Others point out that the parties perform valuable electoral functions—recruiting candidates, whipping up enthusiasm for elections, registering voters—in keeping with the vision of the Founding Fathers.
“A move to nonpartisan elections would mean a further weakening of a party system that is already too weak in South Dakota,” said Northern State University professor Art Marmorstein in a 2016 op-ed against the South Dakota initiative. “One-party political systems aren’t healthy. No-party systems aren’t much better.”

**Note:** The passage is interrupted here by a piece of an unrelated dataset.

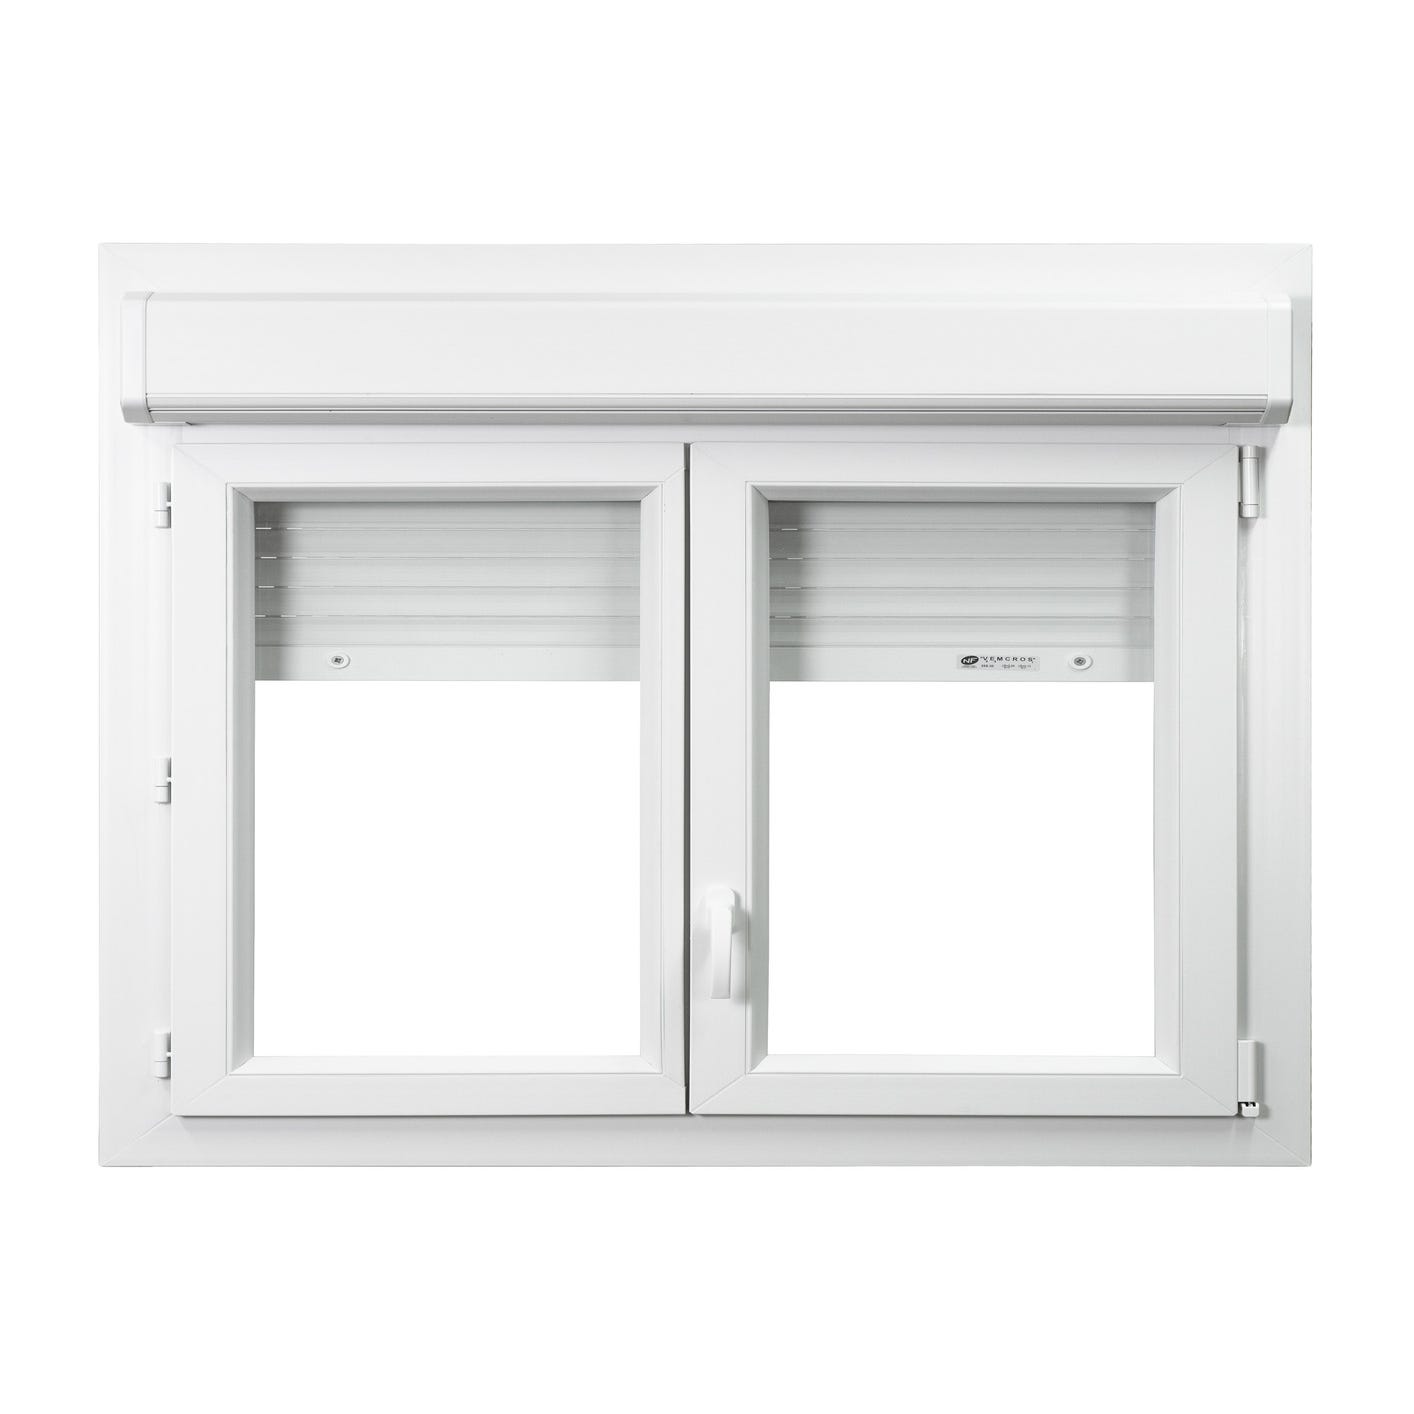 Fenêtre PVC avec volet roulant intégré monobloc Ob 2 vantaux H.75 x L.100 cm - GROSFILLEX 0

In Colorado, where the Democrat-controlled state legislature approved an all-mail voting system in 2013, the decision to allow unaffiliated voters presents a unique challenge.
In some states, unaffiliated voters can request either a Democratic or Republican ballot at the polls, but there are no polling places in Colorado, a problem the state will attempt to solve by mailing two ballots to each independent.
Mr. Williams has tried to minimize costs and confusion by asking independents to put in beforehand for either a Democratic or Republican ballot, but so far only about 30,000 have indicated a preference, with 54 percent asking for a Democratic ballot and 40 percent choosing Republican.
What if a voter accidentally returns both? Then the ballots go anonymously before a bipartisan team of judges to check if both were filled out. If only one was voted, no problem, but if both were voted, then the ballots are disqualified.
“It will be more cost effective to the extent voters don’t return both,” said Mr. Williams, a Republican. “We want to make it easy for people to participate in the process. And we want to make it easy for them to ensure their vote is counted and counted the way they want it.”
The decision to flood the election with so many additional ballots has election-integrity watchdogs worried about fraud, but Mr. Williams said all returned ballots are checked to match signatures on file and quickly entered into the statewide database to make sure that a second ballot from the same person won’t be counted.
“Voters get to speak,” he said, “and it’s my job to try to implement their will as best I can.”